After I edit an index and restart logstash to activate my changes the field <158>LEEF breaks so that additional fields are created which contain the remaining parts of the event.
Here is an example:

 <158>LEEF = 1.0|Trend Micro|Deep Discovery Inspector|5.5.

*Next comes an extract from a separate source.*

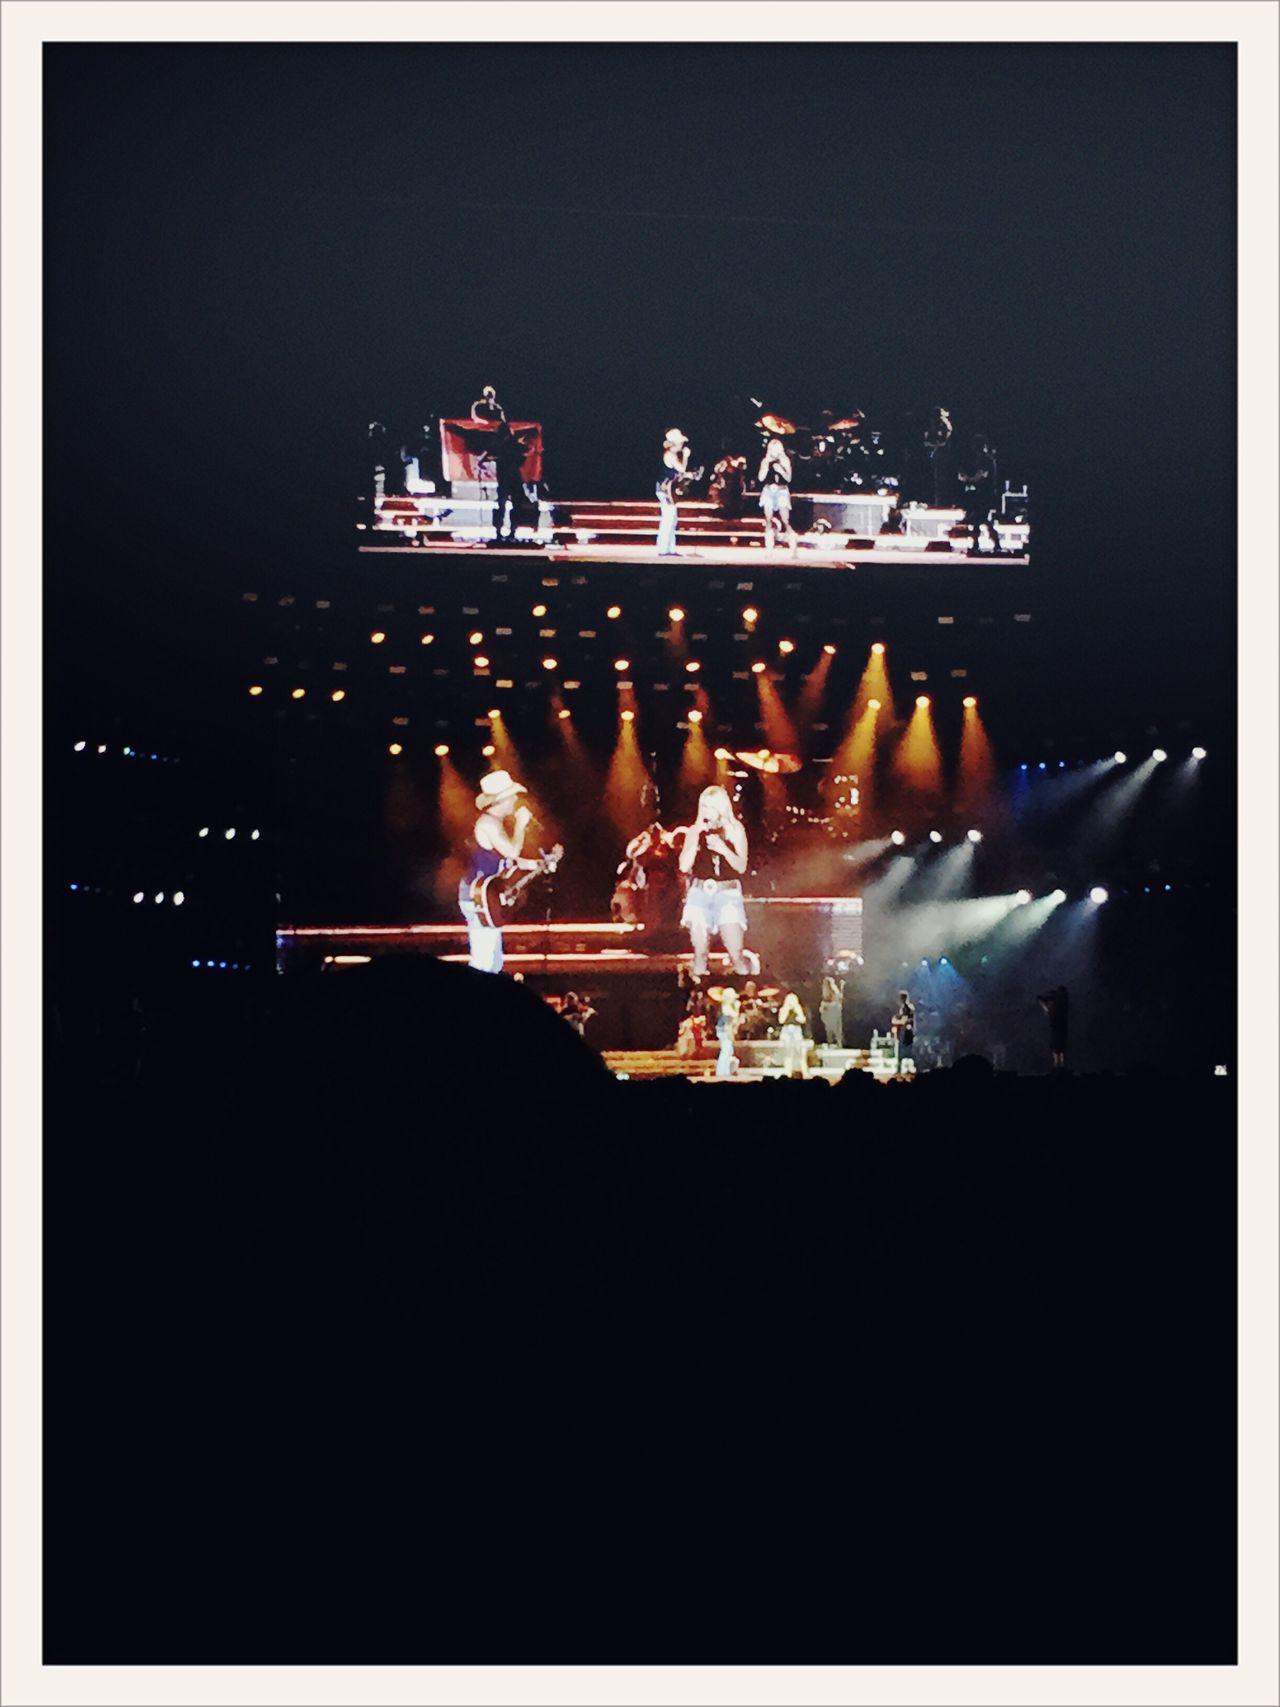 Country Fest: Kenney Chesney & Miranda Lambert Country Fest Best Of EyeEm NEM Mood Summer2016 Best EyeEm Shot AMPt_community Summer Concerts Kenney Chesney Miranda Lambert

 1200|SECURITY_RISK_DETECTION|devTimeFormat=MMM  = dd yyyy HH:mm:ss z	ptype=IDS dvc=111.111.111.111	deviceMacAddress=11:11:11:11:11:11	dvchost=NAME1	deviceGUID=1A1A1A1A1A1A-1A1A1A1A-1A1A-1A1A-1A1A	devTime=Feb 17 2020 12:21:41 GMT+01:00	sev=2	protoGroup=SQL	proto=MSSQL	vLANId=1111	deviceDirection=1	dhost=name-name-1111	dst=111.111.111.111	dstPort=1114	dstMAC=11:11:11:11:11:11	shost=name.domain.de	src=111.111.111.111	srcPort=1113	srcMAC=11:11:11:11:11:11	malType=OTHERS	fileType=-65536	fsize=0	ruleId=504	msg=Successful log on to service	deviceRiskConfidenceLevel=3	pComp=N

Do you have an idea why the field <158>LEEF is created and what causes the split of it?